Implementation Explanation

The outer two loops enumerate every ordered digit pair (a, b). Since there are only five possible digits, this results in only twenty pairs.

For each pair, prefix counts are built. pre_a[i] stores how many times digit a appears in the first i characters, and similarly for pre_b.

The best array stores the minimum value of:

pre_a[l] - pre_b[l]

for each parity combination of (pre_a[l] % 2, pre_b[l] % 2).

As the right endpoint advances, the while loop inserts newly eligible left boundaries. Eligibility requires both:

  • length at least k
  • at least one occurrence of digit b

The parity conditions determine which state we must query.

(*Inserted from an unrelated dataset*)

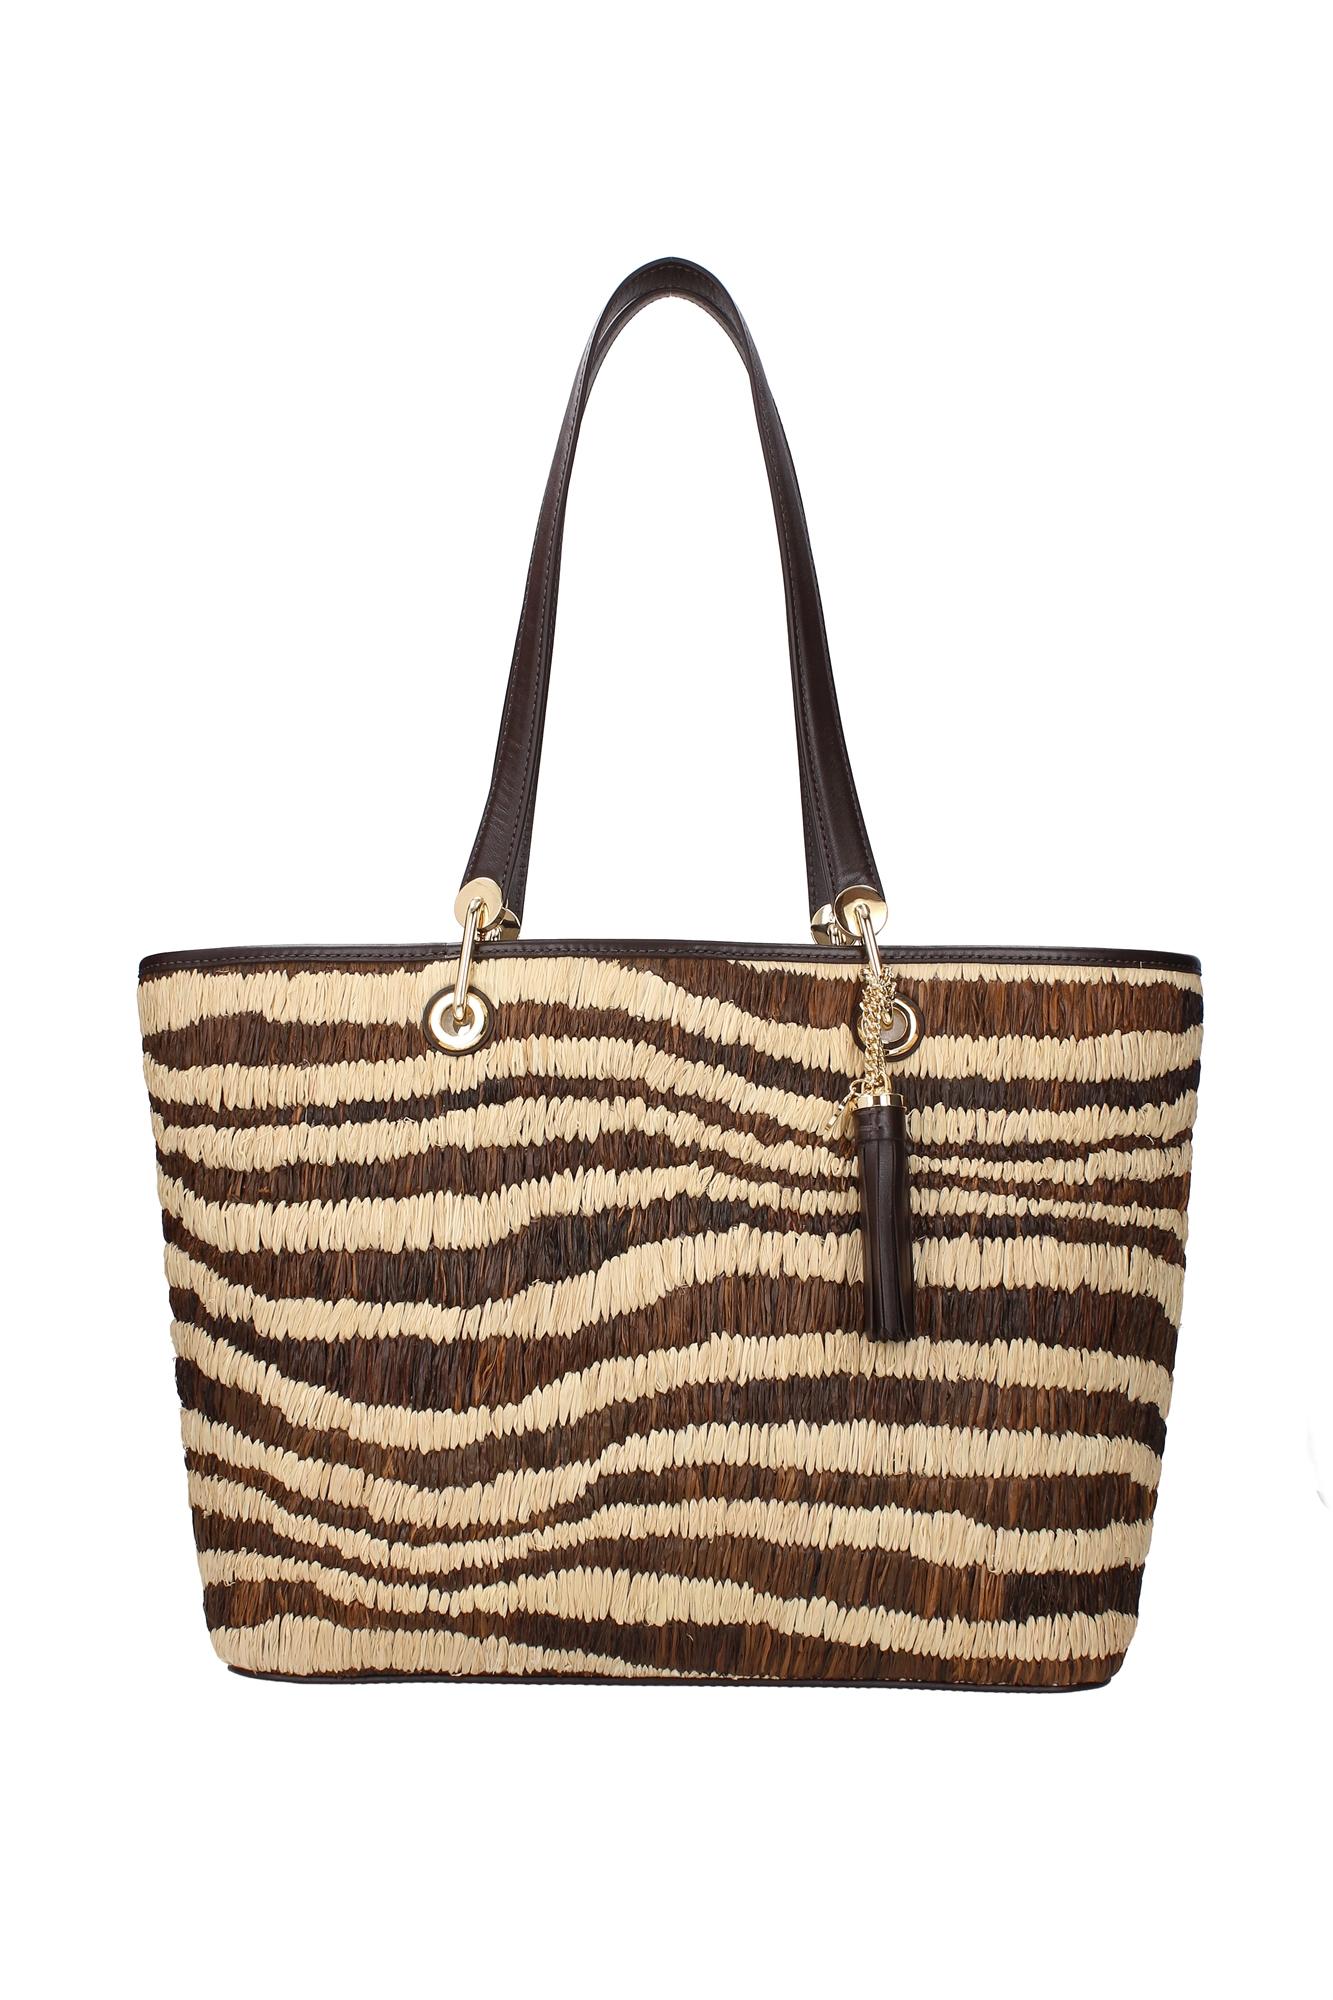 Borse Shopping Michael Kors Donna Rafia Beige 30s7gmbt7wnatural - michael kors - ebay.it

If a valid state exists, the resulting substring value is computed and used to update the global answer.

Go Solution

func maxDifference(s string, k int) int {
	n := len(s)
	ans := -1000000000
	digits := "01234"

	for _, a := range digits {
		for _, b := range digits {
			if a == b {
				continue
			}

			preA := make([]int, n+1)
			preB := make([]int, n+1)

			for i := 0; i < n; i++ {
				preA[i+1] = preA[i]
				preB[i+1] = preB[i]

				if rune(s[i]) == a {
					preA[i+1]++
				}
				if rune(s[i]) == b {
					preB[i+1]++
				}
			}

			const INF = int(1e9)

			best := [2][2]int{
				{INF, INF},
				{INF, INF},
			}

			left := 0

			for r := k; r <= n; r++ {
				for left <= r-k && preB[left] < preB[r] {
					pa := preA[left] & 1
					pb := preB[left] & 1

					diff := preA[left] - preB[left]
					if diff < best[pa][pb] {
						best[pa][pb] = diff
					}

					left++
				}

				needPA := (preA[r] & 1) ^ 1
				needPB := preB[r] & 1

				candidate := best[needPA][needPB]

				if candidate != INF {
					value := (preA[r] - preB[r]) - candidate
					if value > ans {
						ans = value
					}
				}
			}
		}
	}

	return ans
}

Go-Specific Notes

The logic is identical to the Python implementation.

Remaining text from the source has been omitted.